Less critical to users is knowing whether the server hardware is substantially new or essentially a Mac in a rack. Maybe that's why the keynote didn't, say, show renderings of the hardware. But it's still a kind of interesting question, so I've made a market for it: https://manifold.markets/LoganTurner/are-apples-private-cloud-compute-se?r=TG9nYW5UdXJuZXI

bought Ṁ200 NO

This market should close the minute before WWDC 2024 starts, if not it is easy to cheat and trade the second the hardware (if any) is announced before it is resolved.

@AxelRthingCano That would certainly be an option for this kind of market. However, live trading is quite popular (you would expect the probability of this market to go down during the event and settle near zero at the end of the event if hardware isn't announced). Nonetheless, I wouldn't change the close date of the market at this point since some traders might have factored the possibility of live trading into their current position in the market.
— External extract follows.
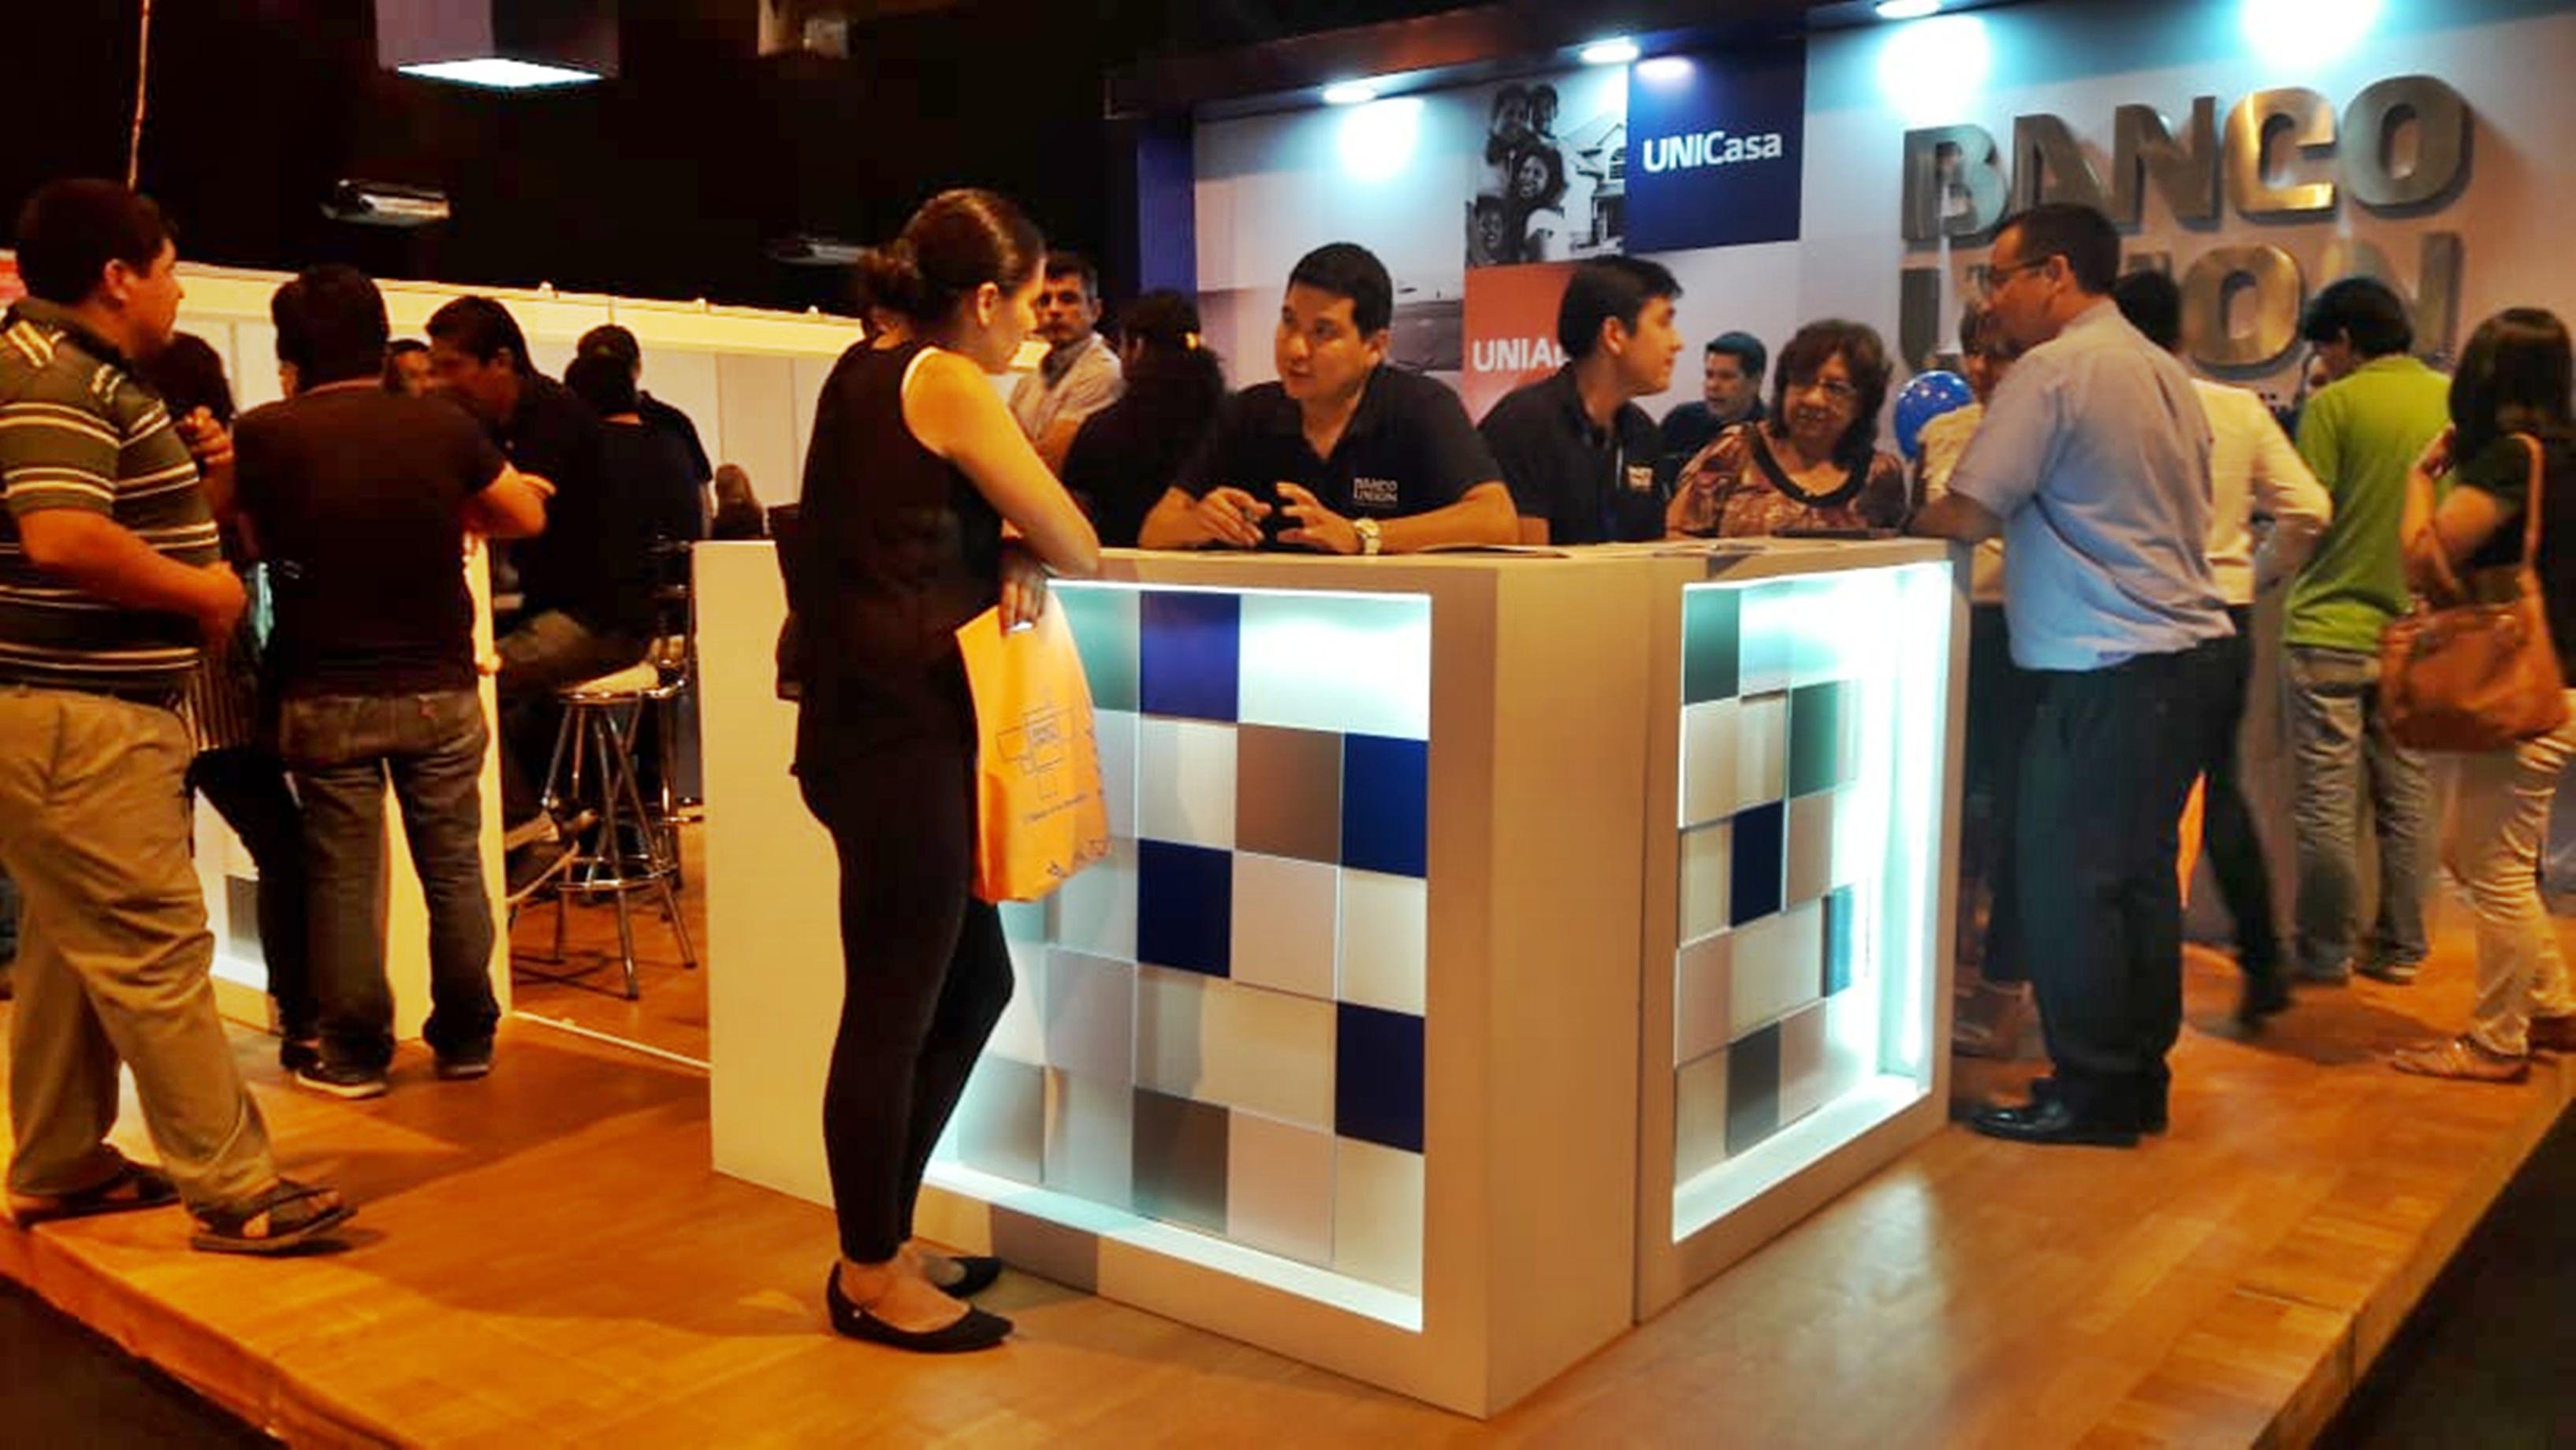 Banco Unión impulsa el desarrollo de Santa Cruz a través de sus ofertas crediticias y servicios financieros

@Predict I don't see how extending the close date should hurt traders in theory? Unless they had limit orders with too-long expirations, but you're the only person with a limit order on this.

@Predict I understand, just a tip for your next market.

@jacksonpolack It would be shortening the close date in this case. I'm not sure how that would hurt traders either though tbh. Last year I shortened the close time of a WWDC market the way @AxelRthingCano suggested and a strong trader changed his position because of it and complained about the change.

@Predict This is the right decision , thank you for being awesome.

@Predict I think it's maybe a good pragmatic decision to leave the market open because it's a small amount of mana and people like live betting. But in principle I believe you do not have any responsibility to leave these kinds of markets open if you set the close date late. You aren't hurting anyone by not giving away your (or manifold's) money to whoever news trades it first

@jacksonpolack Maybe @Predict will be the one to newser trade? It is their decision to be making, my mana my choice. Why are you incentivizing the greed? Some of you are so much the whiny Ṁana boys and not the alpha sPice men. I do not understand it, what is in it for you? Let the creator do as he will please!!!

@Mirek Please don't make comments like this.

Given the unusual timing of Apple’s May event for new iPads, I find it hard to imagine they’d announce new hardware—pre-WWDC announcements like that tend to point to a need to get something out before WWDC and/or save space in the keynote. So a MacBook with an M4 chip feels unlikely for that reason, and also because it’s unclear if TSMC’s 2nm process has hit the appropriate scale for a larger run yet.

bought Ṁ100 NO

@huw Equally, there haven’t been strong enough rumours around a new TV product or AirPods. Maybe a slim chance for a new HomePod-style product with a display for Siri, as this has been rumoured for a while and could make sense to pre-announce for developers in an AI-focused keynote. But even then, they already have the APIs for such a device (WidgetKit) and announcing a product that would have to wait until September (for the OS) to ship is unprecedented.